Issue #1: The Microplastics in You

Microplastics (MNPs) are everywhere—air, water, soil, and worst, inside us. Recent studies show that the average person may ingest tens of thousands of micro- and nanoplastic particles annually. While the long-term health consequences are still being unraveled, early evidence links them to inflammation, endocrine disruption, and metabolic dysfunction.

What We’ve Found

• MNPs have been detected in blood, placentae, meconium (a newborn’s first stool), and breast milk.
• One study found significantly higher levels of microplastics / nanoplastics in placentas from preterm births compared to full-term.
• In pregnancy-related animal & in vitro experiments, plastic particles cross the placenta and amniotic fluid. Effects observed: altered neural (nerve) cell composition, disruptions in brains of offspring, abnormal blood flow in umbilical arteries.

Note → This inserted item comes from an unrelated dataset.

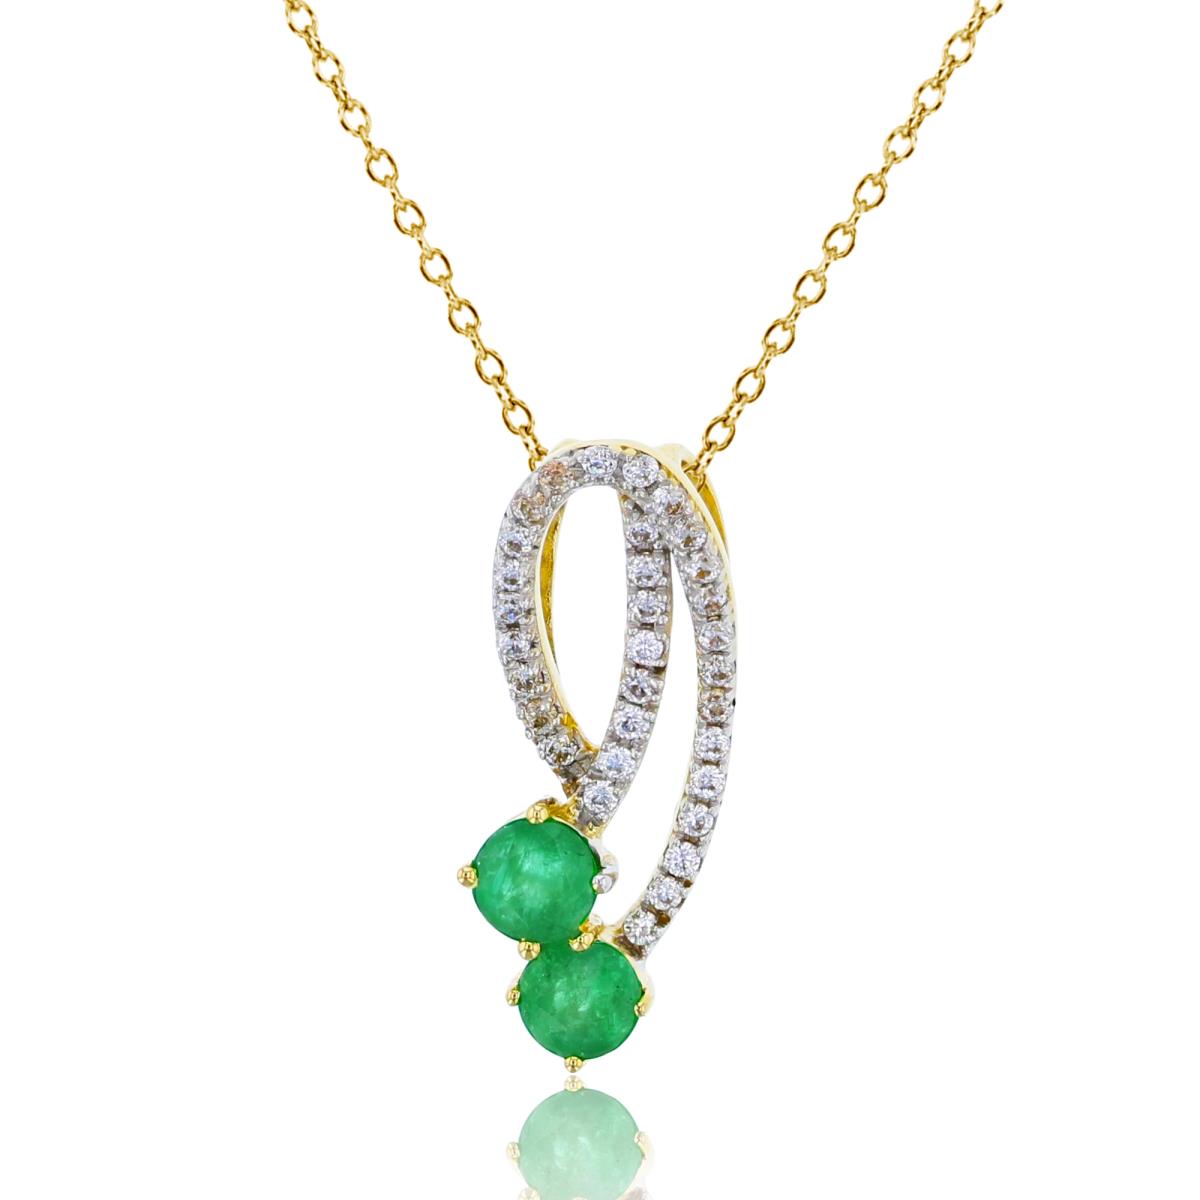 14K Yellow Gold 0.16cttw Rnd Diamonds & 3.5mm Rnd Emerald Fashion 18"Necklace

Health Impacts That Are Emerging

• Immune system & inflammation: Exposure seems to trigger inflammatory responses; immune modulation has been seen in experimental settings.
• Reproductive / developmental effects: Evidence suggests MNPs may disrupt endocrine functions, which could affect fertility and hormonally-driven processes. In pregnancy, exposed fetuses may suffer neural or tissue-level changes.
• Cardiovascular risks: Early human studies now link microplastics, especially those found embedded in arterial plaque, to worse cardiovascular outcomes (heart attack, stroke), though causality isn’t proven.

Children & Pregnancy

• Prenatal exposure: Plastic particles have been found in placentas (including in preterm births), implying that fetuses are exposed in utero. Animal/in vitro studies show altered brain development and cell composition.
• Pregnancy complications: Abnormal umbilical blood flow documented in animal models with exposure to certain micro/nanoplastics. Such disruptions are linked in human obstetric literature with risks like preterm birth or growth issues.
• Infants / newborns: Meconium studies (infant stool) show plastic presence at or before birth. Lab/animal models suggest possible risks to metabolic, neurological, and immune trajectories.

References

1. Cui C, et al. Tissue-specific distribution of microplastics in human blood and tissues. (2025). PMC.
2. Society for Maternal–Fetal Medicine (SMFM). Abstracts on placental microplastics. (2023).
3. Hou J, et al. Microplastics and nanoplastics crossing the placenta: in vitro evidence.Frontiers in Endocrinology (2023).
4. Braun T, et al. Detection of microplastics in human placenta and potential pregnancy complications.Nature Communications (2021).
5. Ragusa A, et al. Plasticenta: First evidence of microplastics in human placenta.Environ Int (2021). PMC.
6. Yong CQY, et al. Toxicity of microplastics and nanoplastics in mammalian systems.Nature Reviews Toxicology (2020).
7. Prata JC, et al. Microplastics as immune system modulators.Frontiers in Immunology (2020). PMC.
8. Ejaredar M, et al. Phthalate exposure and fertility outcomes: a systematic review.Environ Res (2015). ScienceDirect.
9. Xu B, et al. Maternal microplastic exposure alters neurodevelopment in offspring.Frontiers in Cell Neuroscience (2023).
10. Li D, et al. Microplastics disrupt endocrine function and fetal development in animal models.Environ Int (2022). PMC.
11. Yang Y, et al. Microplastics associated with coronary atherosclerosis pathology.Nat Med (2024). PMC.
12. Marfella R, et al. Plastic debris in carotid plaques linked to adverse cardiovascular events.NEJM (2024).
13. Liu S, et al. Microplastics detected in three types of human arteries.Environ Int (2024). PMC.
14. Goldsworthy A, et al. Micro-nanoplastic induced cardiovascular disease and dysfunction: a scoping review.Cardiovasc Res (2025). PMC.
15. Prattichizzo F, et al. Environmental particulates and atherosclerosis: an emerging link.Atherosclerosis (2024).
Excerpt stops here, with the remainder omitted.